Did Paperchase move with the times, or stay stationery?

It seems Paperchase is on the brink of administration, and for some Velveteers that’s led to a wave of nostalgia – not least because there was one over the road from our Chiswick office that some of us regularly visited.

On the one hand, we have people at Velvet who are old enough to have been avid letter writers as kids, with penpals around the world. And with lockdowns making us focus on mental health, there’s been a move to encourage letter writing or journaling to combat loneliness. 

Clearly it’s not just comms people who are avid stationery addicts who love nothing more than scribbling in quirky, high-quality journals. Beautiful stationery was, and continues to be, a massive thing, an often failproof gift.

So here’s an opportunity missed; maybe Paperchase is simply reaping its own unfortunate harvest. Over recent years it has pandered to an increasingly younger demographic, inevitably alienating customers over the age of 16 with its focus on unicorn rubbers and pineapple pens. 

Not only did it miss out on Gen-Z’s retro cravings – vinyl, cassette players, typewriters, vintage cameras et al – the stationery and craft market for young adults is huge and it’s a shame that Paperchase was unable (or unwilling) to cater to this slightly older demographic.

Nor could it compete with its other mainstay – cards. Those old school Velveteers who still send cards tend to buy them at National Trust houses, museums, on holiday and in those little antique shops – or they go online. (Moonpig’s discount codes, simple app and ability to get around the hassle of buying stamps has drastically increased its appeal in recent years.)

Put bluntly, Paperchase has had ample time to get a handle on the direction of traffic to online and you still can’t buy personalised cards on its website. What did it really expect would happen? 

Yes, Paperchase is fun. Insta-worthy notebooks (e.g. planners embroidered with phrases like ‘live your best life’) might attract some, but there is that element of cringe that disenchants more lucrative shoppers who prefer minimalist designs.

It’s also expensive. While Paperchase is a great place to browse for inspiration, people know they’ll get cheaper, similar-enough products delivered from the marketplace giants. Post Covid, it’ll only ever benefit the window shopper.

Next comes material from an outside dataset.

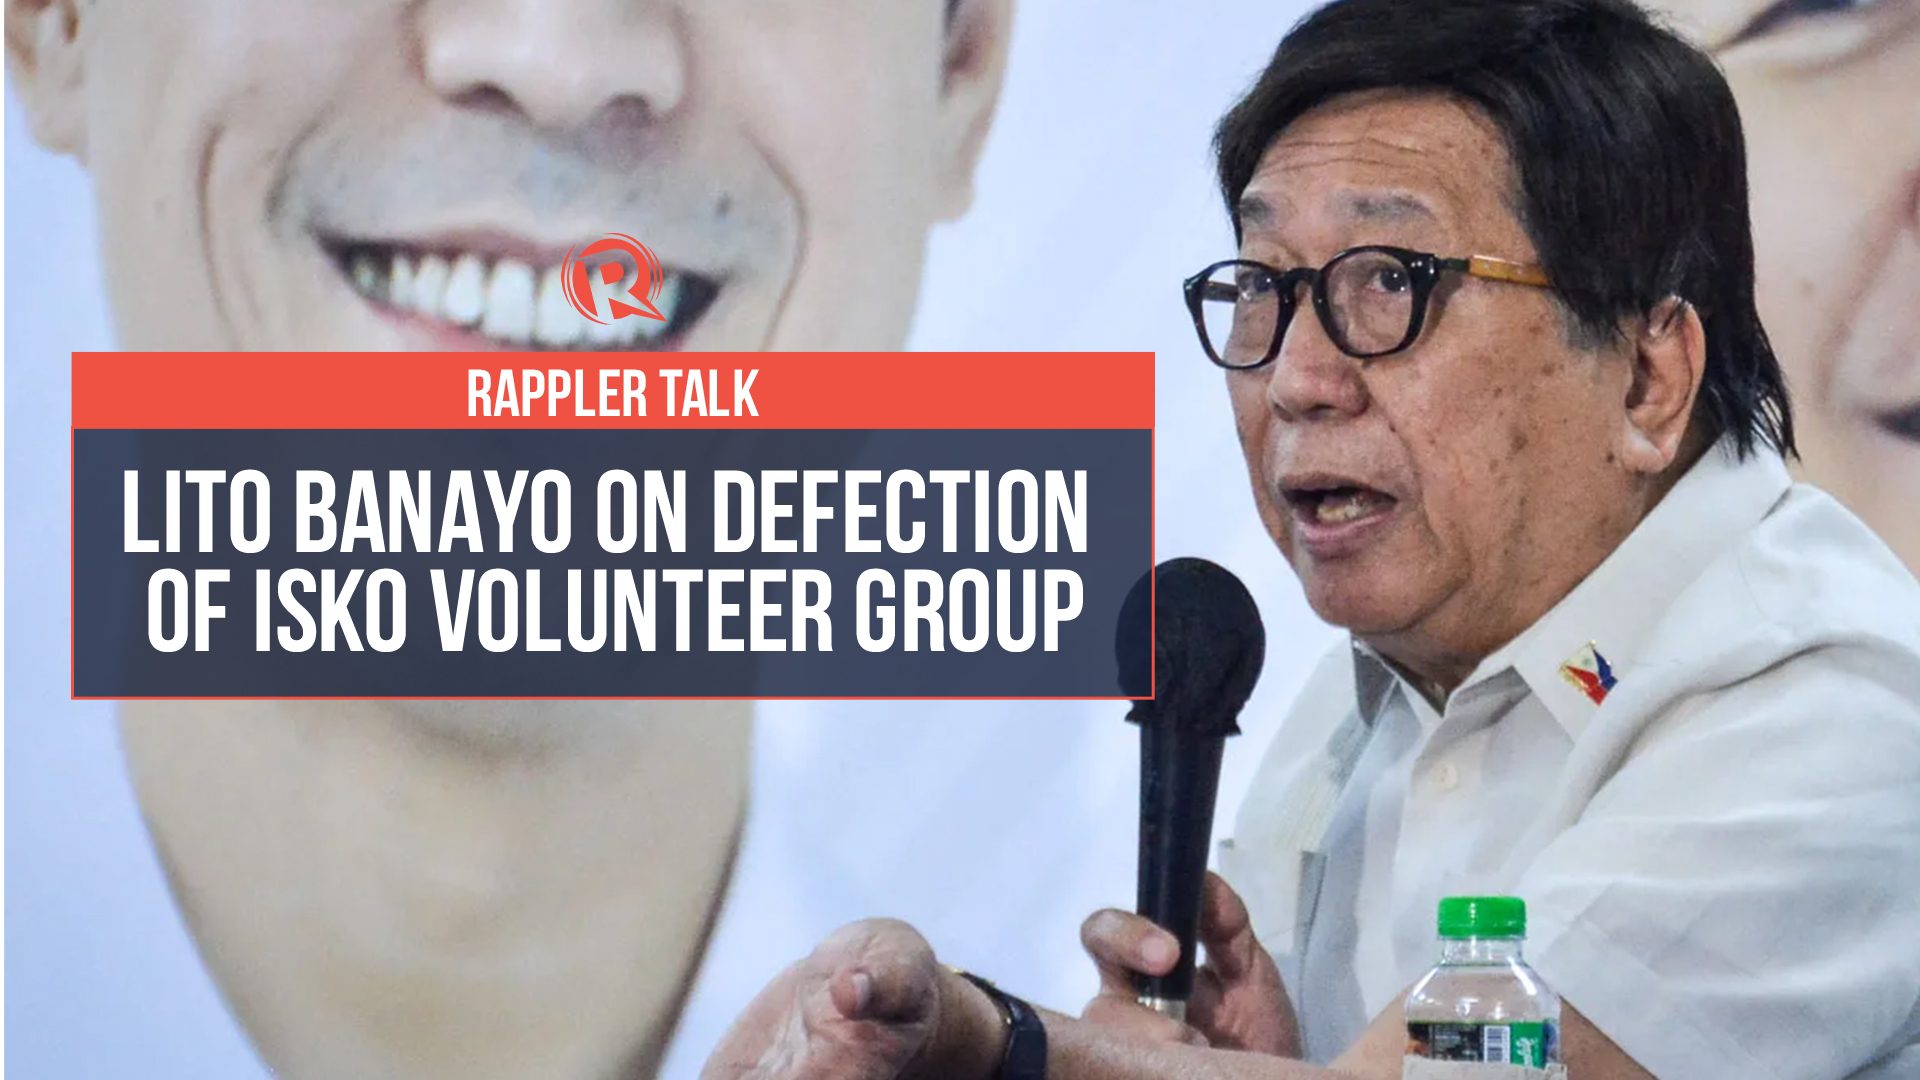 Rappler Talk: Lito Banayo on defection of Isko volunteer group

What Paperchase’s absence from our high streets represents is potentially something bigger; it’s a signal that we’re losing touch with one of our oldest, most sophisticated and tactile of communications tools: paper. 

The pandemic has forced many of us to work from home that weren’t set up for it. Consequently,  the blue screen has taken precedence over articles we once printed to proof, lists through which we drew big, fat, super-satisfactory lines and even reading a real book. You see things differently on paper than on a scroll. 

So what Paperchase represents against the backdrop of 2020 (and now 2021) may be greater than yet another shop going down the plug. We see what WFH has done to societal cohesion – people miss people and things they took for granted. 

It may well be that the new normal will look a lot like the old normal with some minor tweaks – a return to offices, telephone (rather than video) calls, and paper. But if that new normal doesn’t include Paperchase, which was never really a destination shop in the first place – maybe that’s its own fault for not moving with the times.